DATA EXTRACT
************

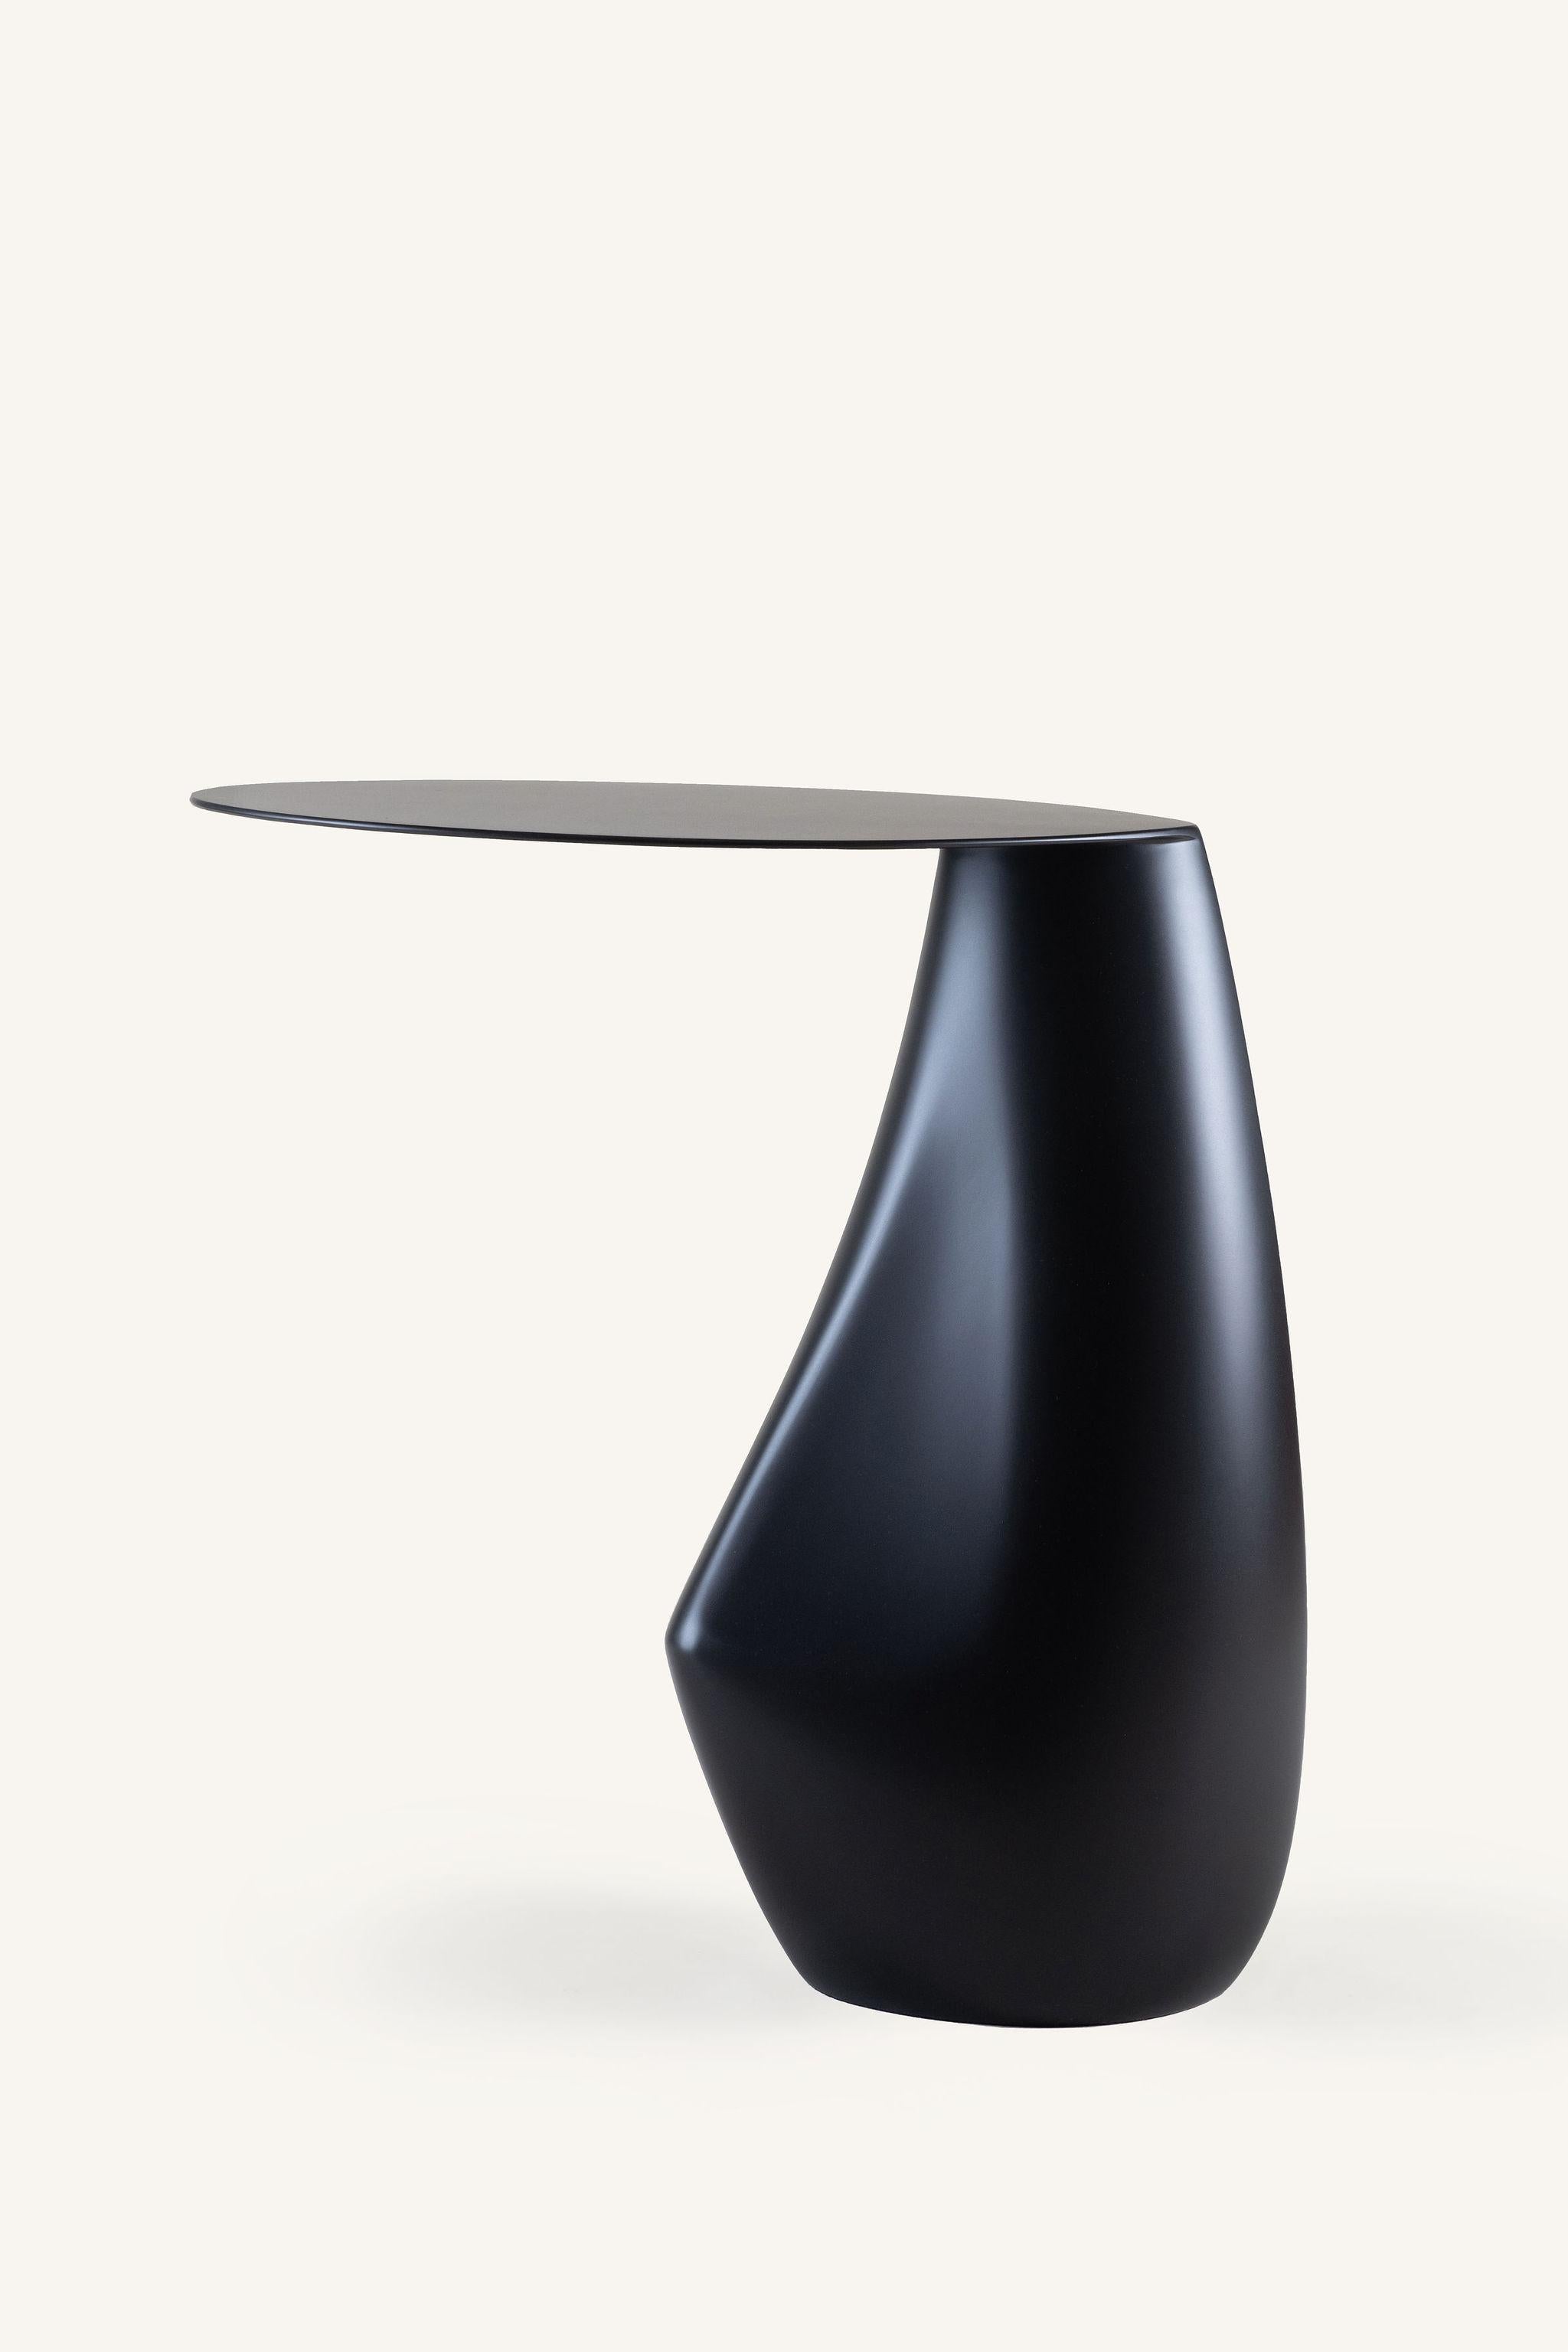 A signature piece from our stone collection, the expertly hand-sculpted dionis side table evokes the subtle curves and contours of tumbled stones shaped by the ocean. This side table presents as sculpture yet functions as a table. 

Also available
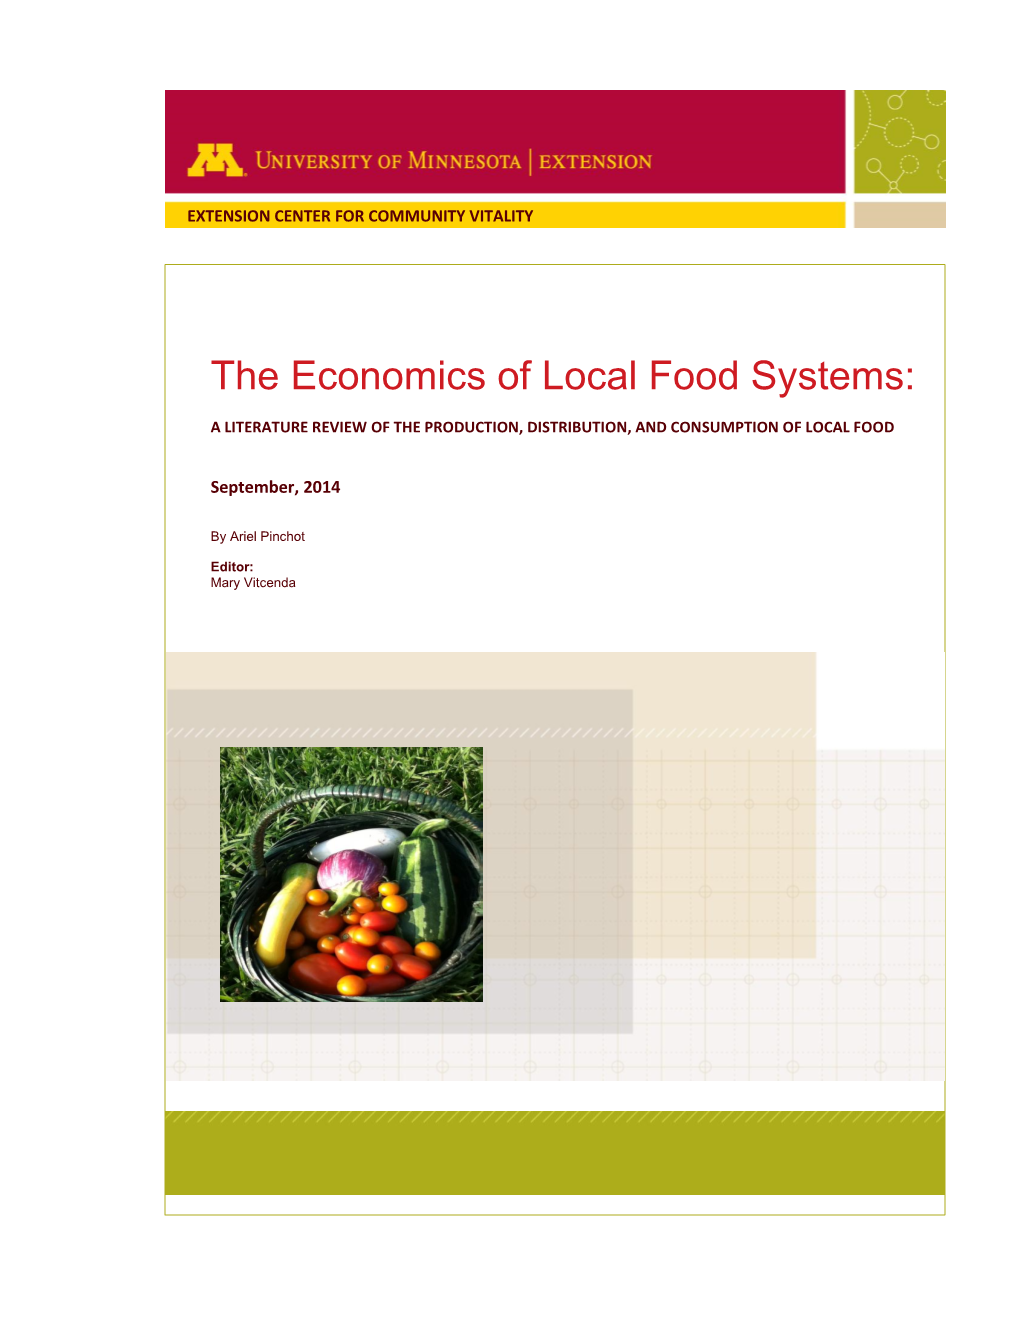 The Economics of Local Food Systems
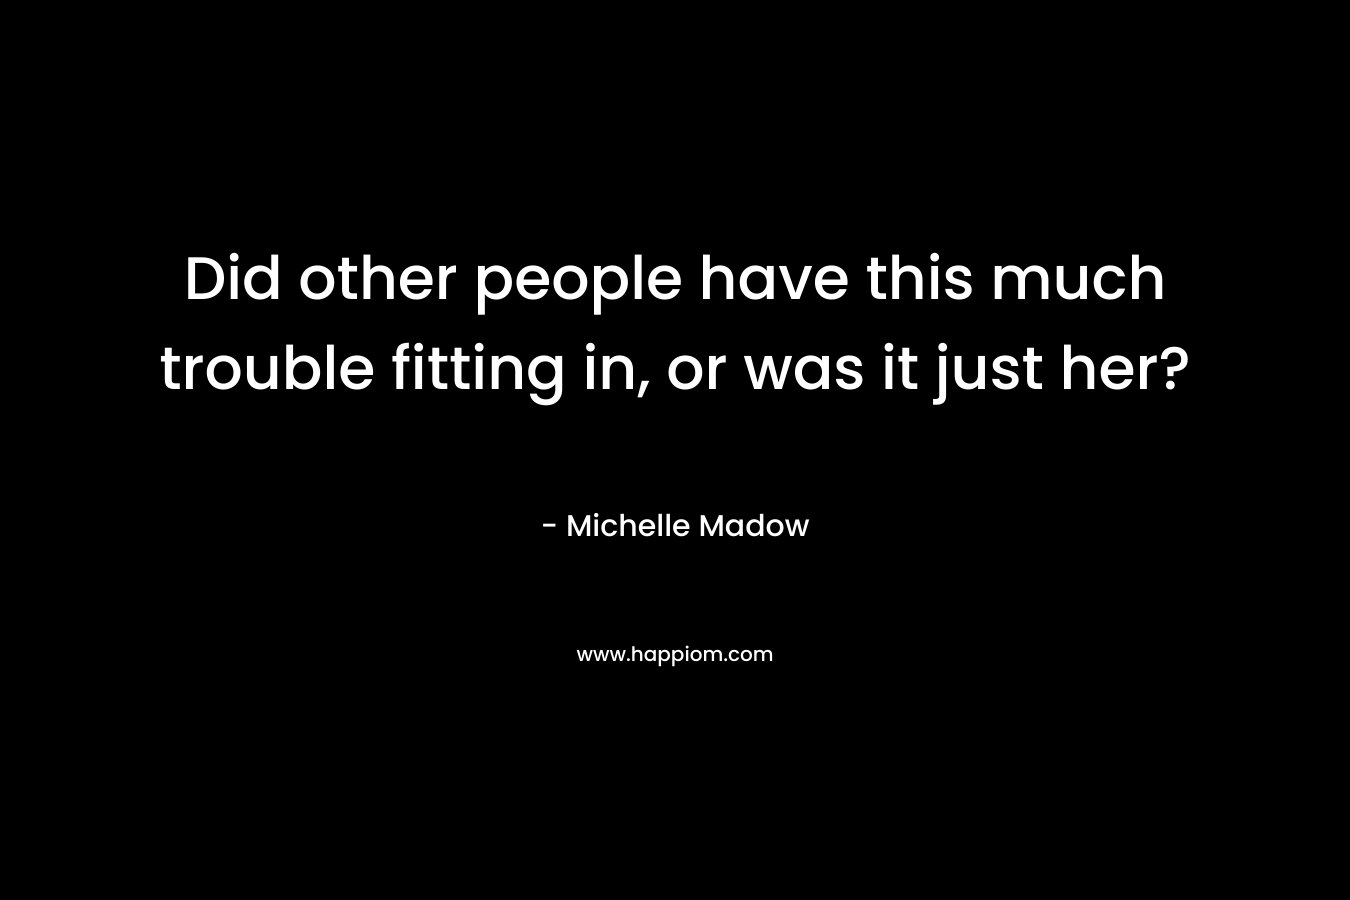 Did other people have this much trouble fitting in, or was it just her? – Michelle Madow

************

ACTIVITY
Reproduce exactly the lines from the one with "The Economics of Local Food Systems" to the bottom of the listing, both ends included, and nothing else. Skip the pictures.

EXPECTED ANSWER
 The Economics of Local Food Systems
 Did other people have this much trouble fitting in, or was it just her? – Michelle Madow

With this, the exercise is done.